Absolutely mind-blowing, life changing book. Alex Haley interviews Malcom X about his life, and as trust grows between the two men, the civil rights leader lets Haley in on the story of his life, from his childhood in the midwest, to his gangster days, to his life-changing encounter with Elijah Mohammad as he sat in jail, and finally another life-changing encounter as he traveled around Africa and went on hajj to Mecca in the year before his death. A moving, illuminating must read.




Jhumpa Lahiri

Jhumpa Lahiri, who sets her stories in India and the United States, is the master of the short story. 

Children and Young Adult Literature

Madeleine L'Engle

Madeleine L'Engle's "Wrinkle in Time" quintet begins with a "dark, stormy night" that draw the dorky Meg and her little brother Charles Wallace past the dark cloud covering our planet into an adventure that begins with "tesseracting" across the wide universe and continues as each member of their family is drawn into the vast and intricate workings of body and time. 

C.S. Lewis

7 volumes of some of my favourite novels of all time.

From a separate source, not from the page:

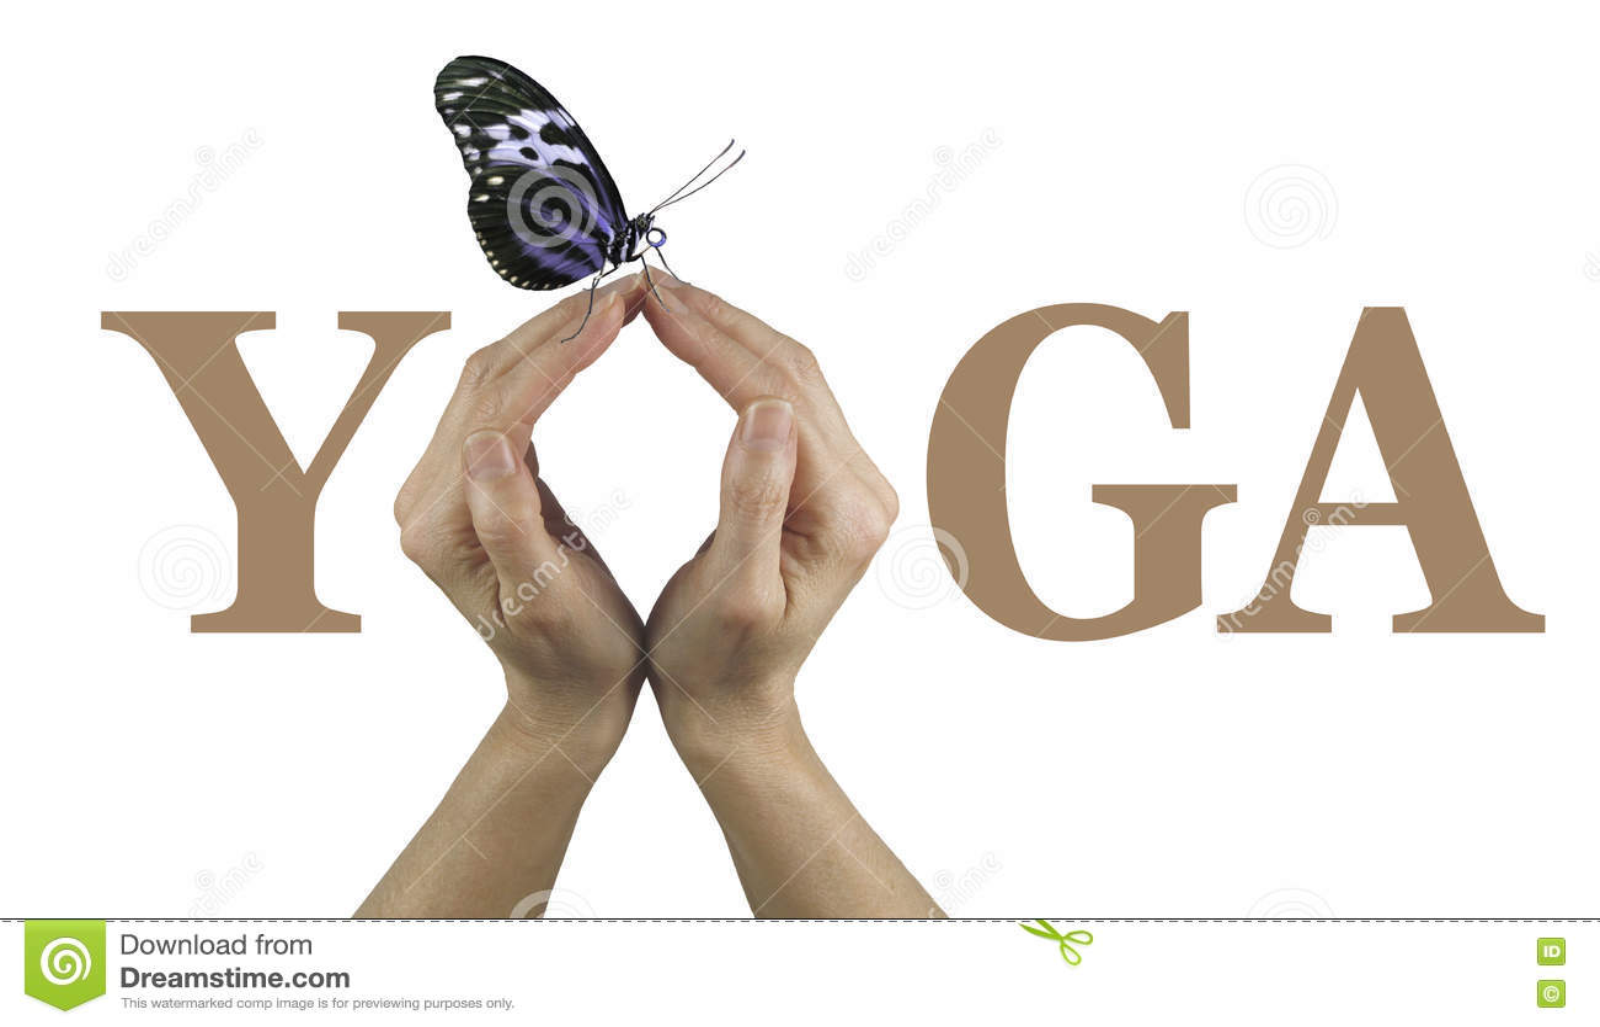 Erbjuda dig yoga

I first read The Chronicles of Narnia when I was eleven, in about three days, and then read it outloud to my brother and sister. On my favourites list since then.

Phillip Pullman

Phillip Pullman may be an athiest who dislikes C.S. Lewis, but he's a damn fine author. His description of the spirits being released from Hades-like underworld in his children's "His Dark Materials" trilogy took my breath away. I met him once at a book reading in Oxford. He had come to support one of his friends who was reading, and started chatting with me. At the time, I had no idea who he was, talked about how my love of fantasy came from The Chronicles of Narnia (which I later read he hates). He was fantastically nice. I would love to meet him again, now that I know who he is!

Academic Books

Film

Lindiwe Dovey

A really great book that looks at African film adaptations of novels (and other works). Fits right into my interests in metafiction and intertextuality.

Jonathan Haynes

The first real scholarly edited volume on Nigerian video films, now better known as Nollywood. The field of "Nollywood Studies" has grown exponentially since this book was published, but it is rooted in this pioneering work.

Brian Larkin

Anthropologist Brian Larkin's writing is both brilliant and accessible. He links most nuanced and detailed descriptions of Hausa popular literature and film to larger thinking about globalization here.

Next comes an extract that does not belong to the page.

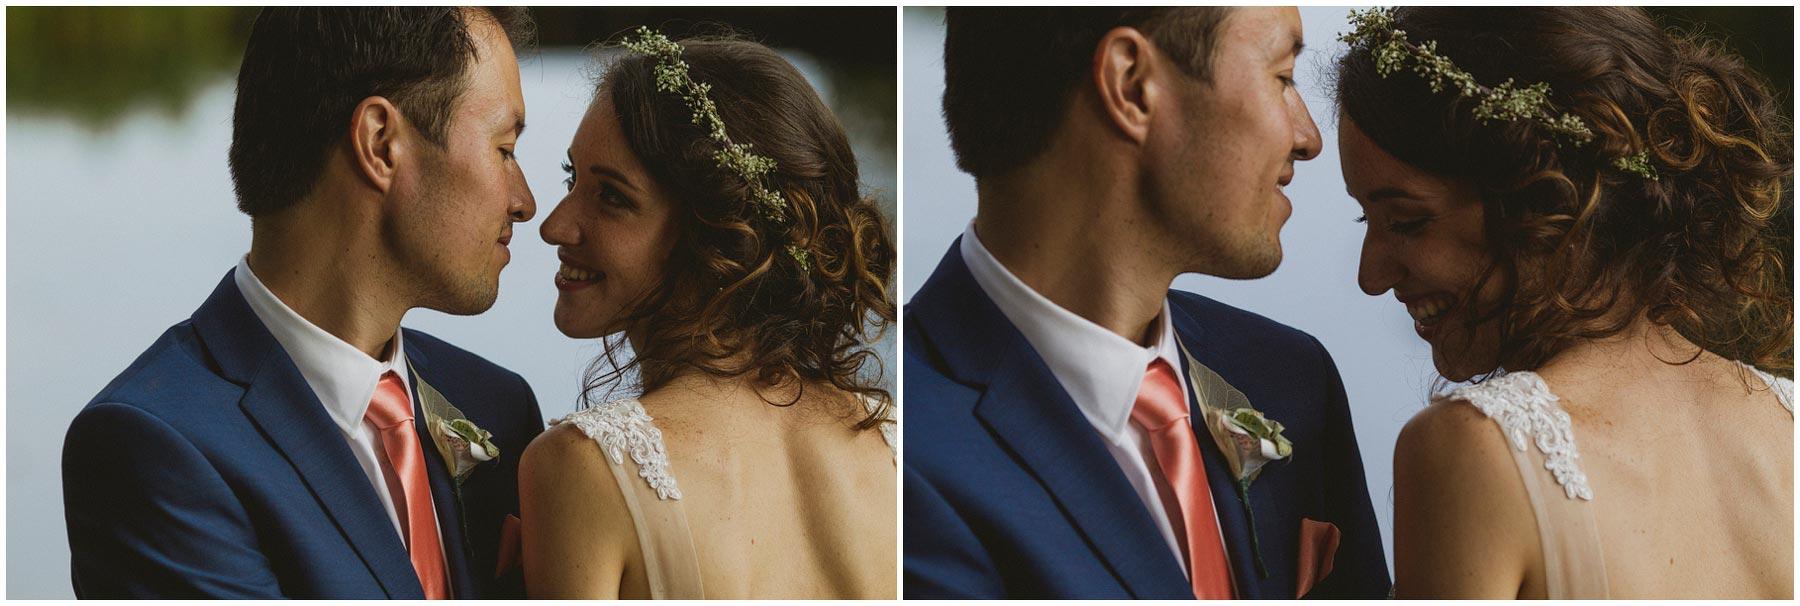 Colehayes-Park-Wedding-Photography_0130

Mahir Saul and Ralph Austen

An important edited volume, which for the first time brings together scholars of "FESPACO" film and scholars of "Nollywood". Based on the conference by the same name held at the University of Urbana-Champagne in 2007. 

Literature

Terry Eagleton

If only more literary theory were written like Terry Eagleton's sometimes snarky, almost always accessible introduction to the field. Re-reading while writing my dissertation, it has me "lol"-ing and "smh" down the page.

Tejumola Olaniyan and Ato Quayson

The seminal introduction to African literary criticism and theory. Big, bulky, and full of great (mostly accessible) texts theorizing African literature.

Gayatri Chakravorty Spivak

Spivak's latest tome is full of a career's worth of lectures and essays, usually introduced with her rethinking previous points. Spivak is difficult to read but this collection is thoughtful, provocative and worth pouring through. Perhaps because many of these are lectures, I find her more accessible here than some of her earlier works.


Religious Nonfiction

Christianity

Saint Augustine

I don't necessarily agree with all of Augustine's conclusions, but he writes a fascinating narrative of life in north Africa and Italy in the early Christian period. His descriptions of school, entertainment, and spiritual struggle feel surprisingly contemporary.

C.S. Lewis

C.S. Lewis's Mere Christianity has probably formed my imagination of my Christian faith more than any other. 

Islam

Reza Aslan

A beautifully written and accessible introduction to Islam by an Iranian-American Muslim.